This does have a closed-form solution, which I will state but not derive. First, define $$f(u,v,w) \equiv uv\operatorname{arsinh}\frac{w}{\sqrt{u^2+v^2}} + vw\operatorname{arsinh}\frac{u}{\sqrt{v^2+w^2}} + wu\operatorname{arsinh}\frac{v}{\sqrt{w^2+u^2}} - \frac{u^2}{2}\arctan\frac{vw}{u\sqrt{u^2+v^2+w^2}} - \frac{v^2}{2}\arctan\frac{wu}{v\sqrt{u^2+v^2+w^2}} - \frac{w^2}{2}\arctan\frac{uv}{w\sqrt{u^2+v^2+w^2}}.$$ The gravitational potential of a cuboid of uniform density $\rho$ centered at the origin, aligned with the Cartesian axes and having dimensions $2a$, $2b$, $2c$ in the $x$, $y$, $z$ directions respectively is $$\phi(x,y,z) = -G\rho \sum_{k_1,k_2,k_3 \in \{-1,+1\}} k_1 k_2 k_3 f(x+k_1 a,y+k_2 b,z+k_3 c) \\ = -G\rho[f(x+a,y+b,z+c) + f(x+a,y-b,z-c) + f(x-a,y+b,z-c) + f(x-a,y-b,z+c) - f(x-a,y+b,z+c) - f(x+a,y-b,z+c) - f(x+a,y+b,z-c) - f(x-a,y-b,z-c)]$$ and the gravitational field is $-\nabla\phi$. Sample plots are shown below:
3D gravitational field
Larger, square face (i.e. top and bottom)
- Normal component:
- Tangential component:
- Normal component:
Smaller, square face (i.e. sides)
- Normal component:
- Tangential component:
- Normal component:
So your intuition that the gravitational field away from the center of a face has a tangential component is correct.
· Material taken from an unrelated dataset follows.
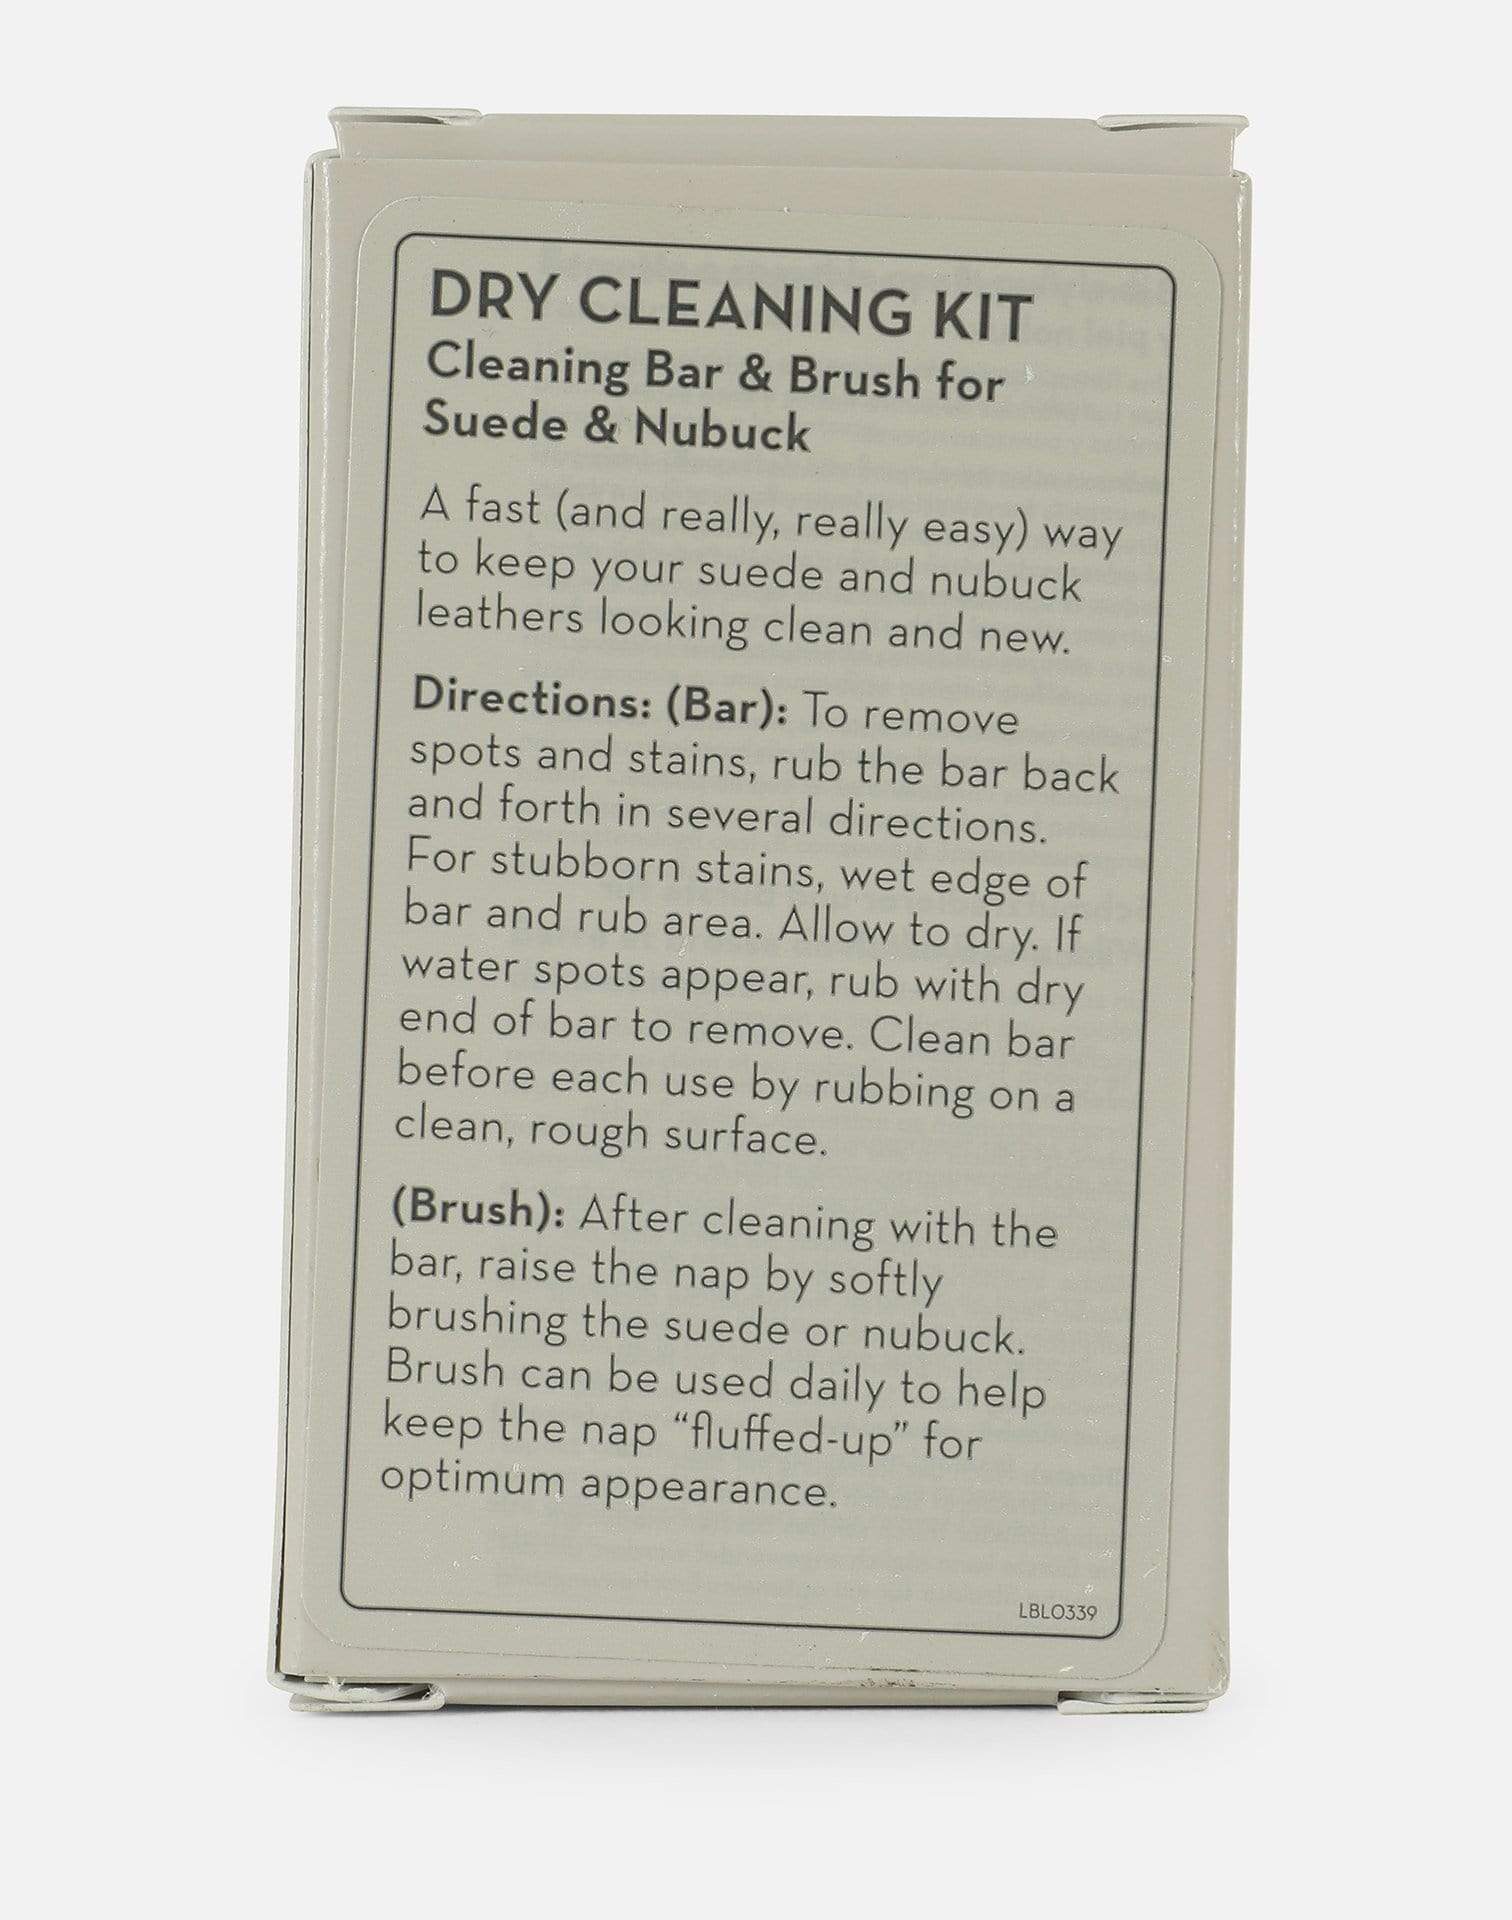 hoofdstad Aannemelijk Dislocatie Timberland Dry Cleaning Kit – DTLR
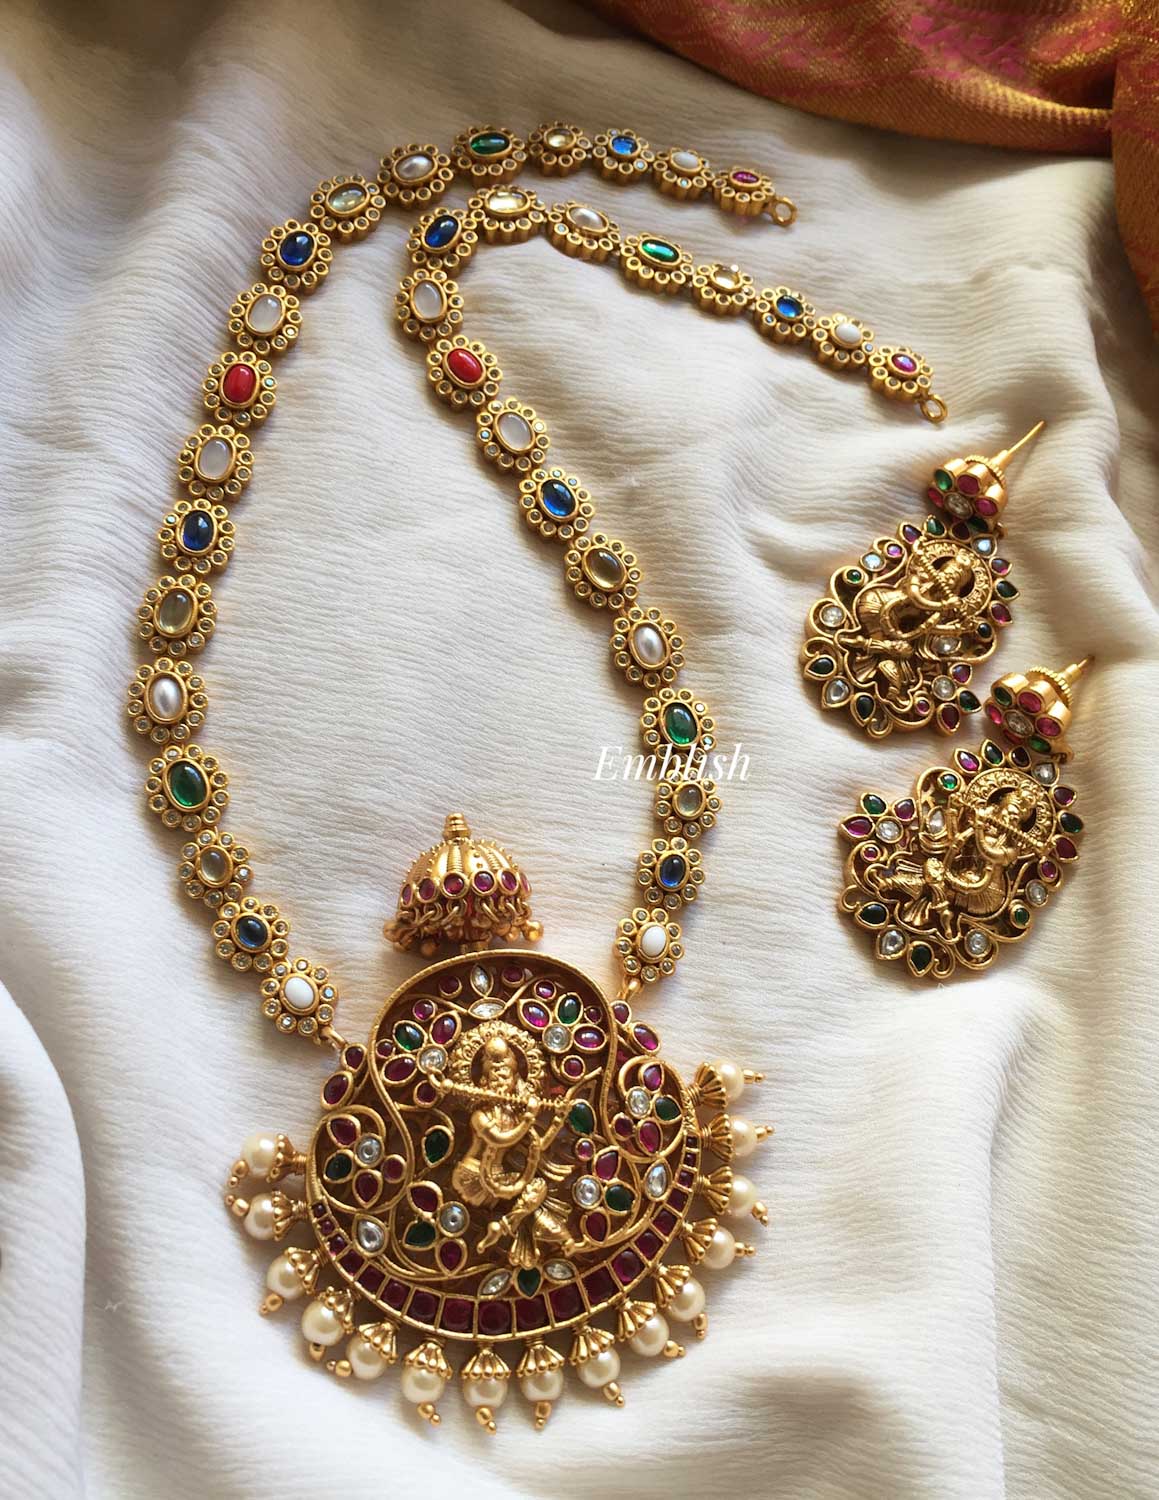 Navrathna Krishna kemp pendant neckpiece

However, for your dimensions, the gravitational field at the center of a larger, square face is actually about 8% weaker than that at the center of a smaller, rectangular face. In addition, within each of the larger, square faces, the point with the strongest magnitude of gravity is not the center, but rather near the center of each of the four edges.